Influence of Diabetes on Tramadol Pharmacokinetics

Status:
Completed
Trial end date:
2011-12-01
Target enrollment:
0
Participant gender:
All
Summary
This study aimed to investigate the influence of uncontrolled type 1 and type 2 diabetes mellitus (DM) on the kinetic disposition, metabolism and pharmacokinetics-pharmacodynamics of tramadol enantiomers in patients with neuropathic pain. Thus, nondiabetic patients (control group, n = 12), patients with type 1 DM (n = 9), and patients with type 2 DM (n = 9), all with neuropathic pain and phenotyped as extensive metabolizers of cytochrome P450 2D6 (CYP2D6) who were treated with a single oral dose of 100 mg racemic tramadol were investigated.
Phase:
Phase 4
Accepts Healthy Volunteers?
No
Details
Lead Sponsor:
Universidade Estadual Paulista JĂșlio de Mesquita Filho
Collaborator:
University of Sao Paulo
Treatments:
Metoprolol
Midazolam
Tramadol
Criteria
Inclusion Criteria:

- Adult patients, both gender

- Patients with self-reported neuropathic pain (score >4 in a 0-10 visual analog scale)

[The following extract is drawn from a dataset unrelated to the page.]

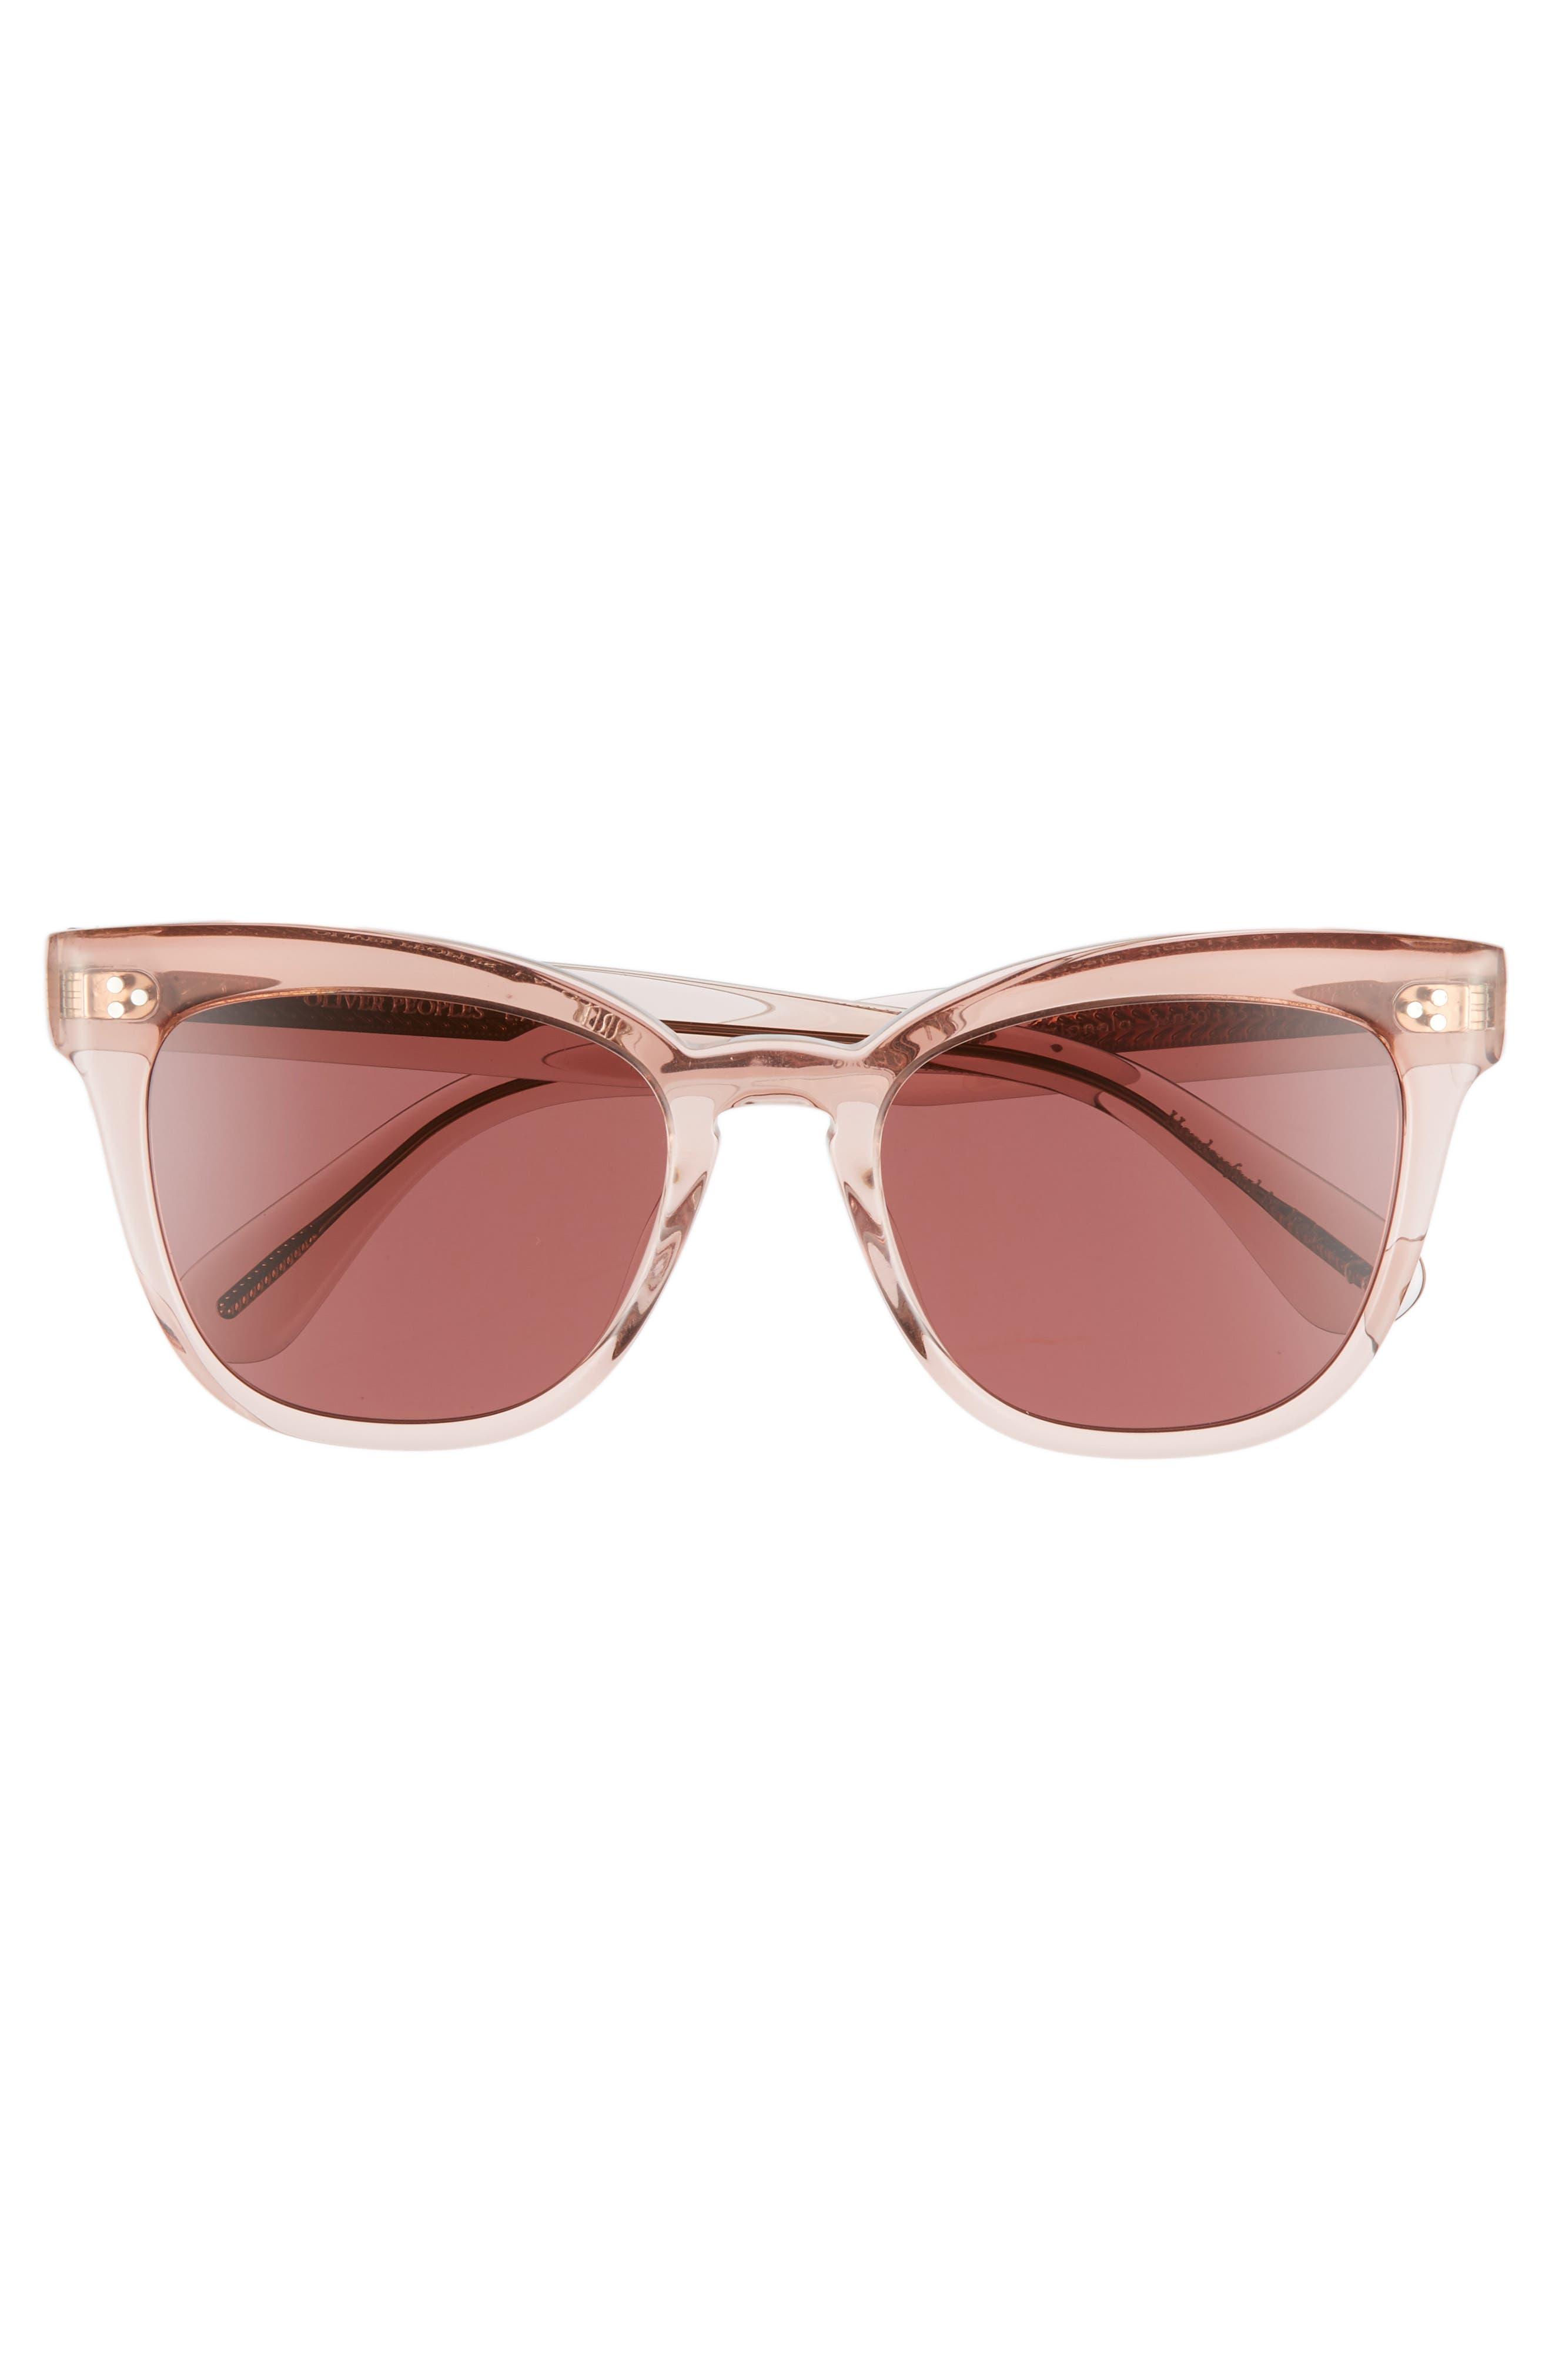 OLIVER PEOPLES,                             Marianela 54mm Cat Eye Sunglasses,                             Alternate thumbnail 3, color,                             WASHED ROSE

- Patients with normal renal function (creatinine clearance >60 mL/min)

Exclusion Criteria:

- Patients with nociceptive somatic pain, visceral or autonomic associated during the
study period;

- Patients with morbid obesity (BMI> 40), congestive heart failure, severe hypertension

- Patients who have had acute myocardial infarction or accident stroke less than 6
months of the period of investigation.

- Patients with chronic obstructive pulmonary disease

- Patients who were in use of analgesics, CYP2D6 inhibitors or CYP3A4 inducers or
inhibitors were excluded.

- Pregnant and lactating patients were excluded.